Writer: analysiswatchanalysiswatch


Jul 14, 2022 01:56AM ET


By: AnalysisWatch


Asian stocks fell to a two-year low on Thursday as fears the Federal Reserve would raise interest rates more aggressively fueled a rally in the safe-haven dollar.


MSCI's broadest index of Asia-Pacific shares outside Japan was unchanged in early afternoon trading.


The EuroStox 50 futures were up 0.4%, while the S&P 500 futures recovered early losses and were down 0.1%.


Chinese blue chips rose 0.5 percent after data showed China's exports in June rose at the fastest pace in five months as factories stepped up after the lifting of the COVID blockade. China will release June activity data on Friday along with second-quarter GDP.


Japan's Nikkei rose 0.7% as yen weakness against the dollar boosted exporters, while good employment data helped Australian stocks rise 0.43%.


However, everything in Asia was happening in the shadow of US data overnight, which showed that rising fuel, food and rent costs led to a 9.1% rise in the Consumer Price Index last month.


This has raised fears that the Fed may raise interest rates by a whopping 100 basis points at its meeting this month, rather than 75 bps as expected, which would add to investor fears of a possible recession.

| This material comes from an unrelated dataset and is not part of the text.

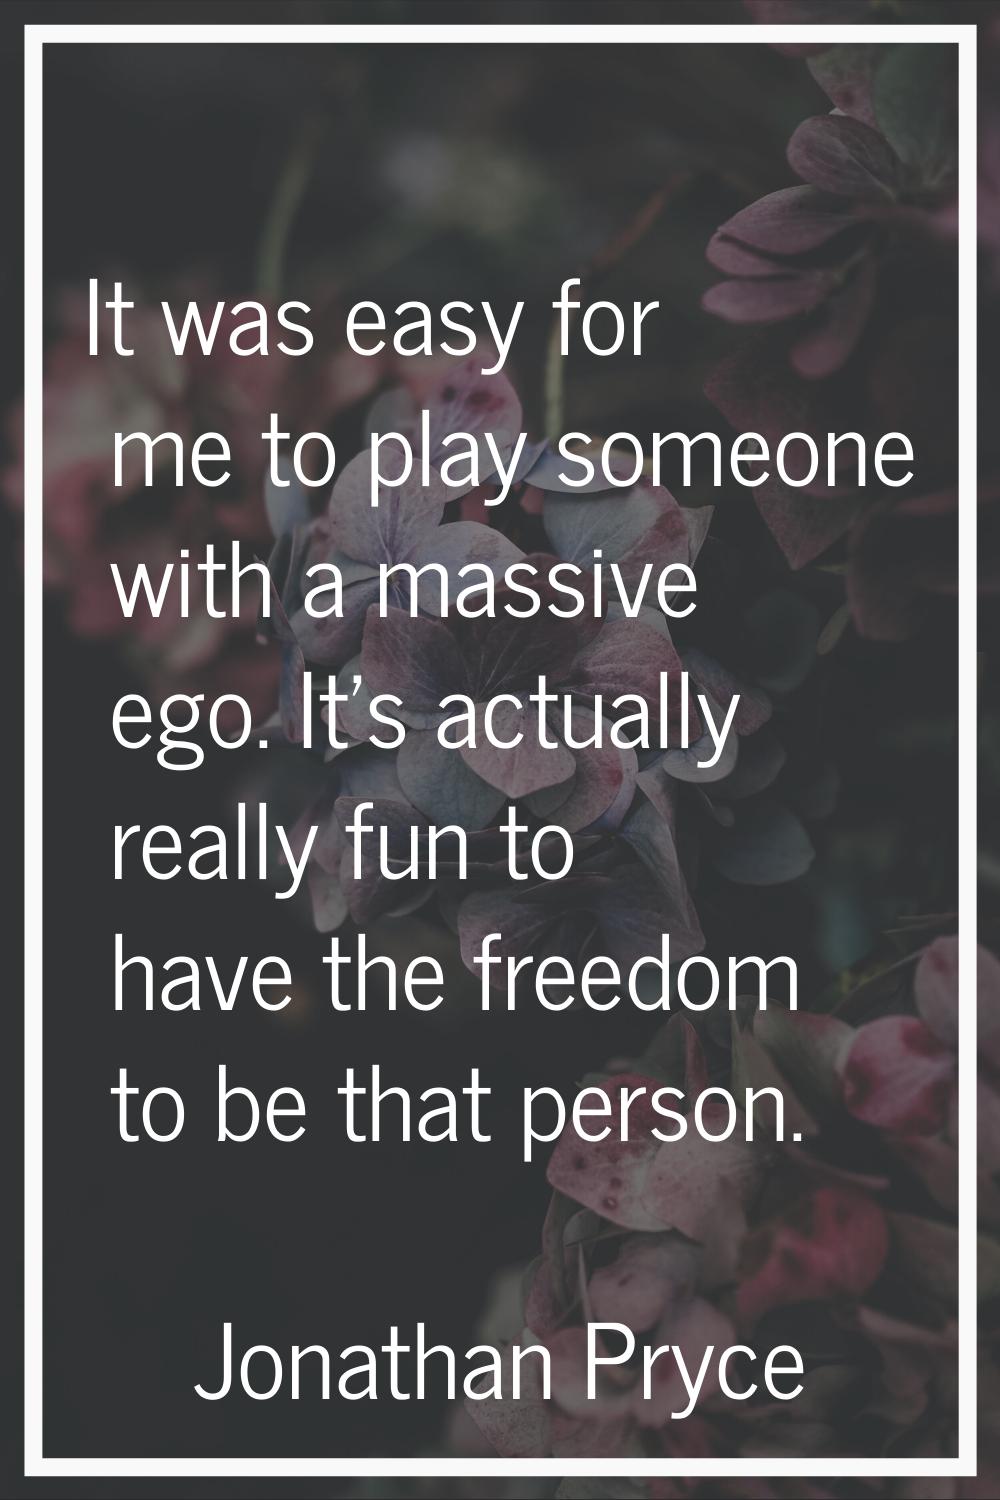 It was easy for me to play someone with a massive ego. It's actually really fun to have the freedom

The two-year U.S. yield, which reflects interest rate expectations, was last at 3.2027%, shortly after reaching an overnight four-week high, increasing its lead over the U.S. 10-year benchmark yield, which was at 2.9558%.


The so-called yield curve inversion, when short-dated rates are higher than longer-dated ones, is usually seen as an indicator of a recession, and the gap between the two touched 25 basis points in Asian trading.


In currency markets, the euro was hovering just above parity with the dollar at USD 1.00155. Overnight, it briefly fell to USD 0.9998, crossing below USD 1 for the first time since December 2002.


The European Central Bank has to decide whether to let the currency fall further, which would raise already record-high inflation, or hit back by raising interest rates more quickly and so increase the damage to an economy already hit hard by high energy costs.